No later than 180 days after March 27, 2020, the Department of Health and Human Services (HHS) will issue guidance on sharing protected health information under HIPAA during the public health emergency due to COVID-19.
In addition to the new guidance related to health plans, the CARES Act relaxes several of the rules applicable to retirement plans.
10% Early Withdrawal Penalty Waived for COVID-19 Retirement Plan Distributions
Individuals may take an early distribution of up to $100,000 from their retirement plans and individual retirement accounts (IRAs) related to COVID-19 without being subject to the 10% early withdrawal penalty under Section 72(t) of the Internal Revenue Code that otherwise applies when the distributee is under the age of 59½. The distributed amount may be re-contributed to another eligible retirement plan within three years, without being subject to the IRS’s annual limitations on contributions.
The distribution may be taken at any time in calendar year 2020 by an individual: (1) who is diagnosed with COVID-19 by a CDC-approved test, (2) whose spouse or dependent is diagnosed with COVID-19 by a CDC-approved test, (3) who “experiences adverse financial consequences as a result of being quarantined, being furloughed or laid off, or having work hours reduced due to” COVID-19, (4) who is unable to work due to COVID-19 child care issues, (5) who has closed or reduced hours in a business owned or operated by the individual, due to COVID-19, or (6) who has experienced other factors as determined by the Secretary of the Treasury. The administrator of the plan may rely on the individual’s certification that the individual qualifies for a coronavirus-related distribution.
Required Minimum Distributions Waived for Calendar Year 2020
For 2020, required minimum distributions have been suspended. Accordingly, minimum distributions otherwise required in 2020 from defined contribution plans need not be made. These are the amounts that the IRS requires be distributed from retirement arrangements beginning April 1 of the calendar year following the later of the calendar year in which the individual attains age 72 or retires. The waiver applies to: 1) defined contribution 401(a) qualified plans; 2) defined contribution 403(a) and 403(b) plans; 3) governmental defined contribution 457(b) plans; and 4) IRAs. A plan sponsor may have discretion to determine whether this provision will be implemented. We await receipt of additional guidance in this regard.
Maximum Loans from Qualified Retirement Plans Increased
The $50,000 limit for loans is increased to $100,000 for “qualified individuals” made during the 180-day period beginning March 27, 2020. The cap of 50% of the present value of the vested benefit is increased to 100% of such present value for purposes determining loan availability. The due date for any repayment by a “qualified individual” of a participant loan that would occur from March 27, 2020, through December 31, 2020, is delayed for up to one year.

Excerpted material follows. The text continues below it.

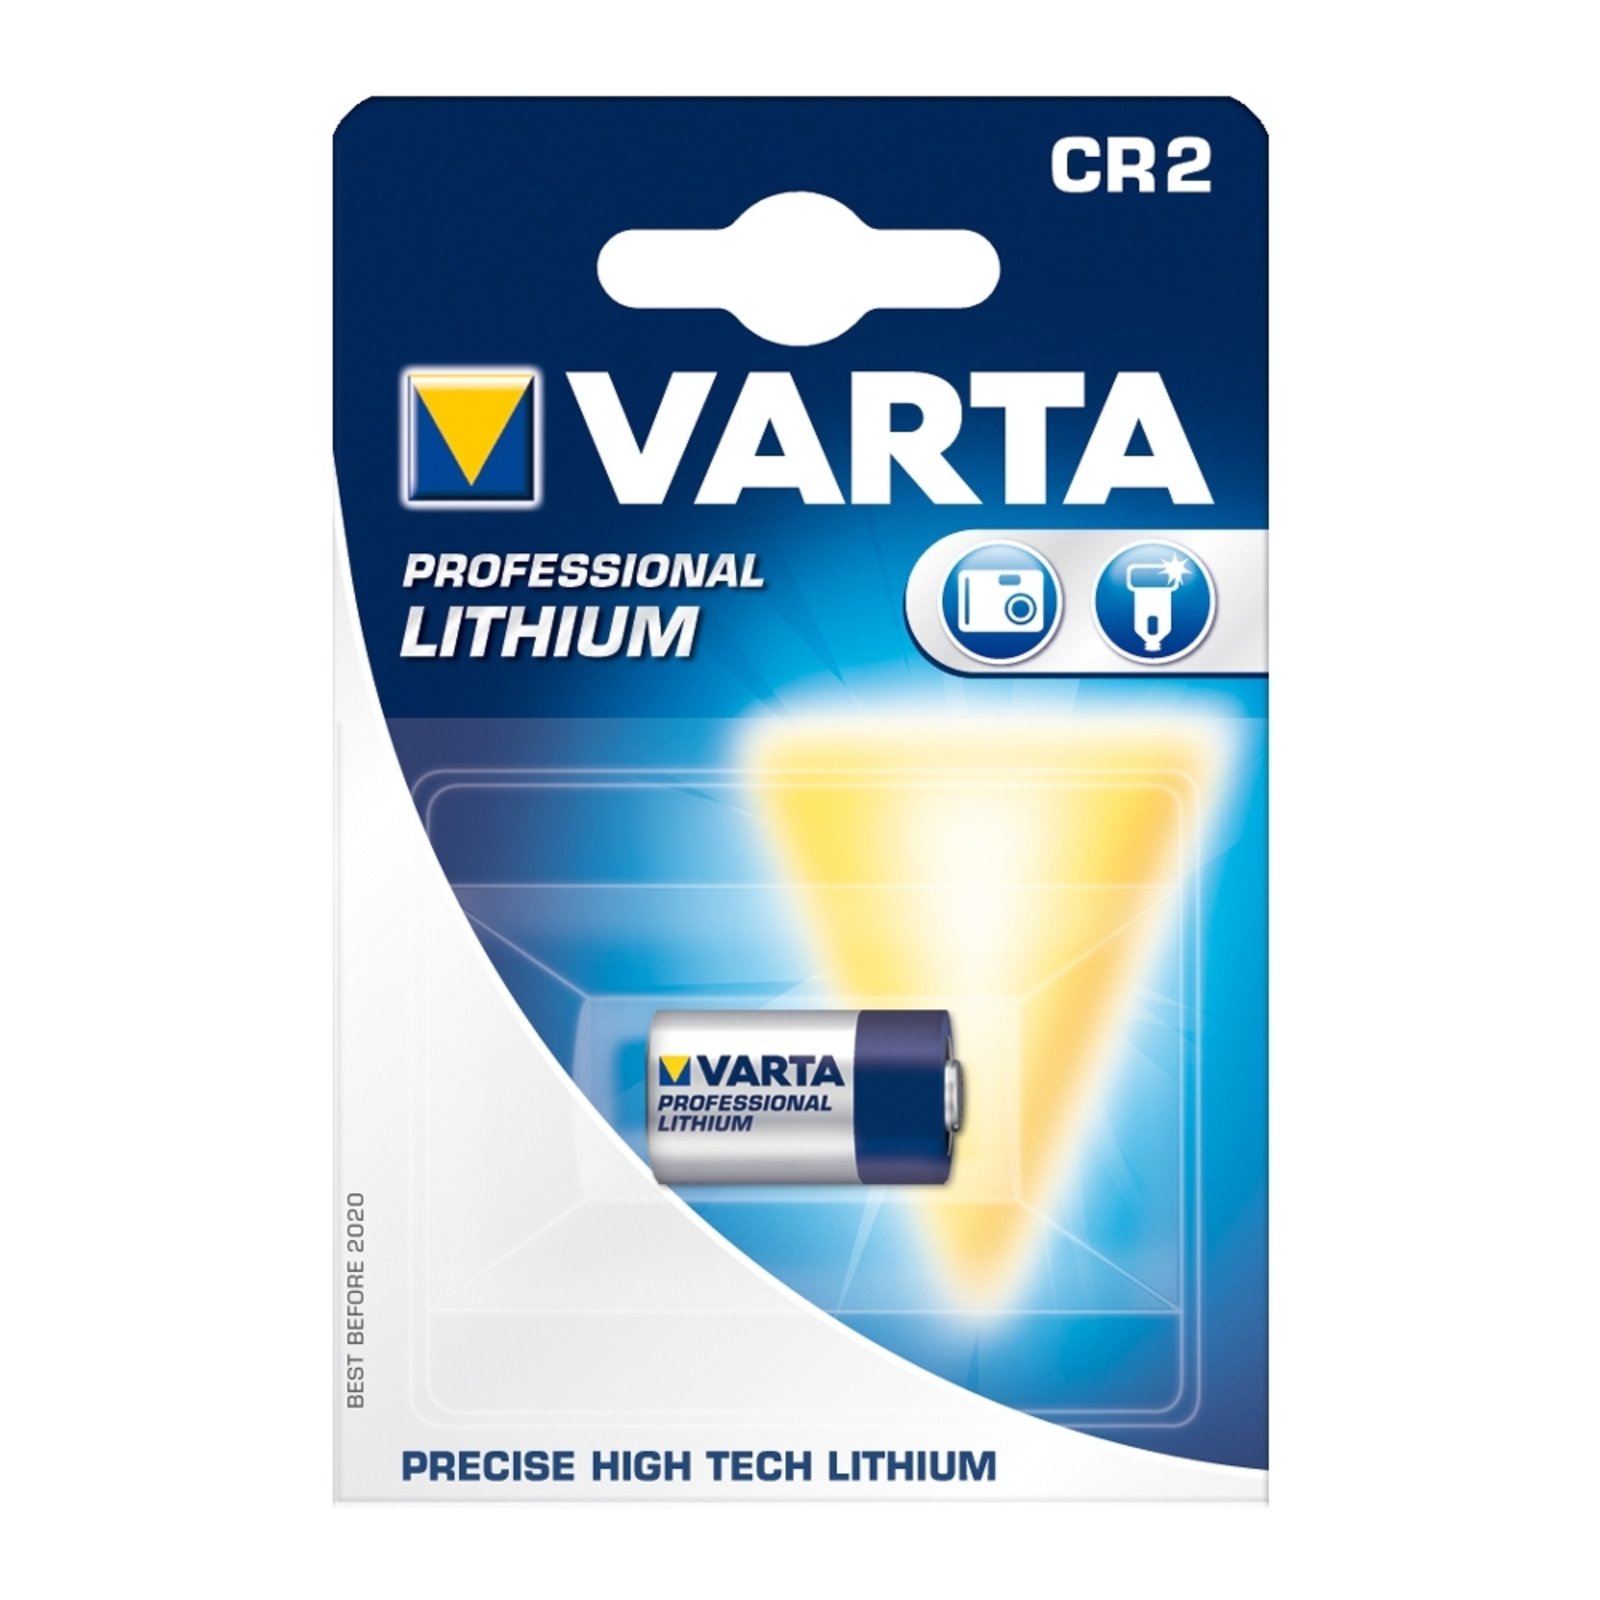 Litiumbatteri CR2 (6206) 3V från VARTA

Later repayments for such loan are also adjusted “appropriately” to reflect the prior delayed due date “and any interest accruing during such delay.” The delay period is ignored in determining the five-year maximum period for such loan. A “qualified individual” who could be eligible for these expanded loan limits and loan delays is one who could meet the same coronavirusrelated tests as discussed above for coronavirus-related distributions.
This information is general and is provided for educational purposes only. It is not intended to provide legal advice. You should not act on this information without consulting legal counsel or other knowledgeable advisors.